With the 2020 goalpost in place, owners now have a clear date to consider their compliance strategies, but there isn’t much time so it seems unlikely that the uptake of LNG will be huge already by 2020. According to Mark Bell, General Manager, Society for Gas as a Marine Fuel (SGMF), the current gas fuelled fleet comprises just 0.14% of the total global fleet of 5,500 ships above 500 grt. There are some 80 LNG-fuelled ships in operation today and anther 80 on order, he told the IBIA convention. That number may be expected to grow to around 1,500 ships, accounting for 2.75% of the world fleet over the next 7-10 years, he said.

LNG bunkers can in fact technically be made available just about anywhere on relatively short notice providing local authorities permit it, because most LNG bunkering today is done by truck. But longer term and for larger ships, this is neither cost effective nor convenient. They need higher efficiency LNG bunkering options, and that is beginning to take shape. We can expect major hubs to be the first to offer effective LNG infrastructure, alongside providers in ports where LNG supply has been made available to cater to specific companies that have been early adopters of LNG, such as TOTE in the US and various ferry and cruise operators in European ports.

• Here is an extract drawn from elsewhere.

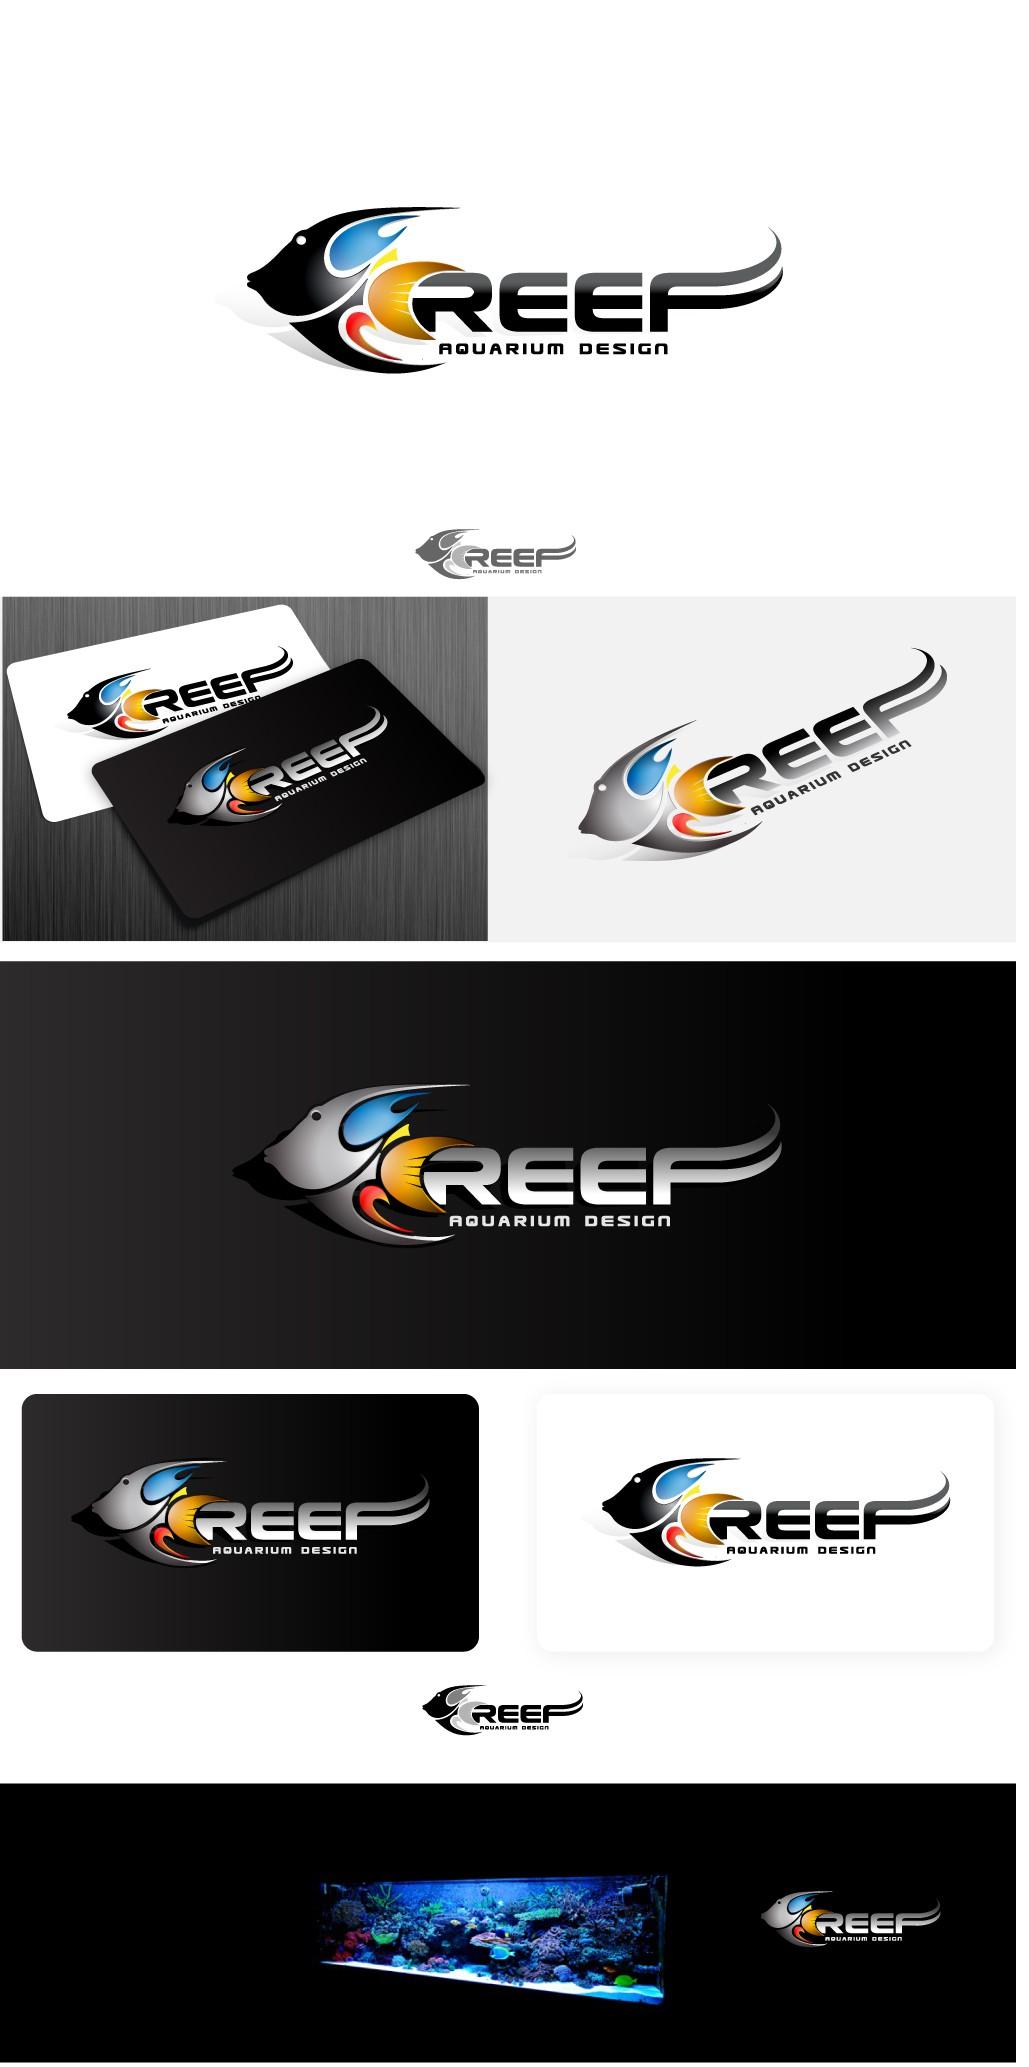 Reef Aquarium Design needs a new logo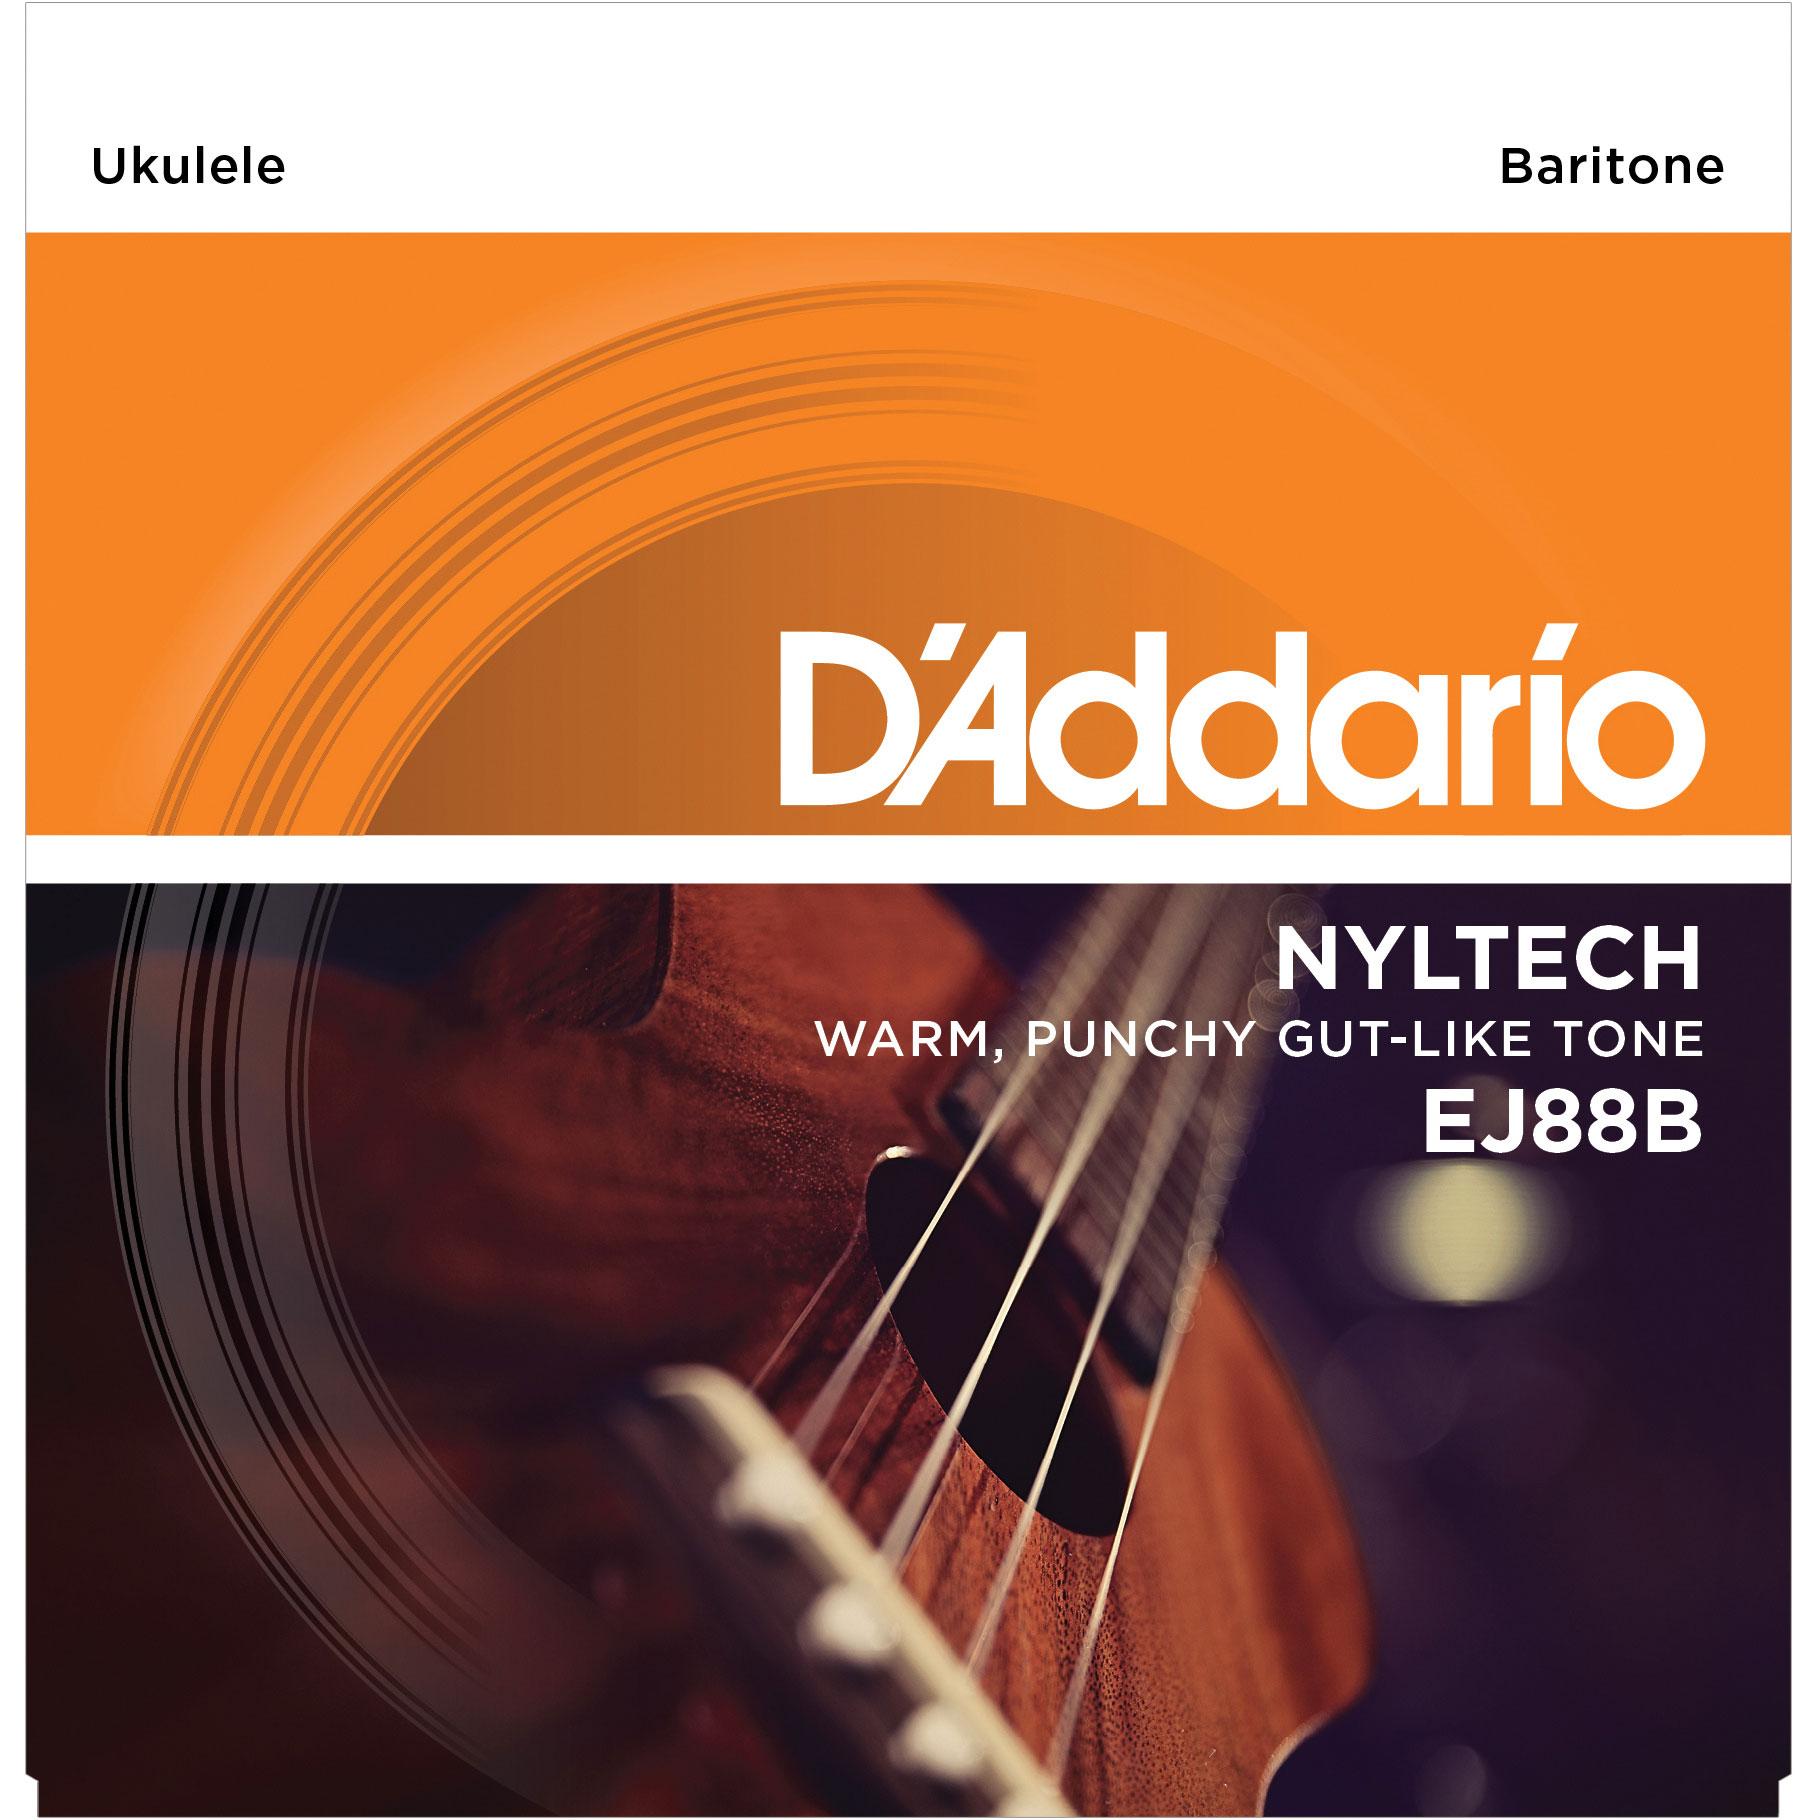 DADDARIO EJ88B NYLTECH BARITONE

The majority of the world fleet will likely count on procuring oil-based marine fuels with no more than 0.50% sulphur in 2020, and there are likely to be many more ships with scrubbers that can use cheap high sulphur fuel oil than ships with LNG-fuel systems. The reason is simple; building LNG-fuelled ships and setting up effective LNG bunkering options requires huge investments compared to installing scrubbers.

Longer term, however, LNG is expected to gain market share as supply infrastructure improves and owners look to “future proof” their ships to meet current and potential future emission limits for sulphur, nitrogen oxide, particulate matter and even CO2. As long as methane slip doesn’t count as part of a ship’s CO2 equivalent emissions, LNG-fuelled ships offer significant CO2 reductions compared to ships operating on conventional oil fuels.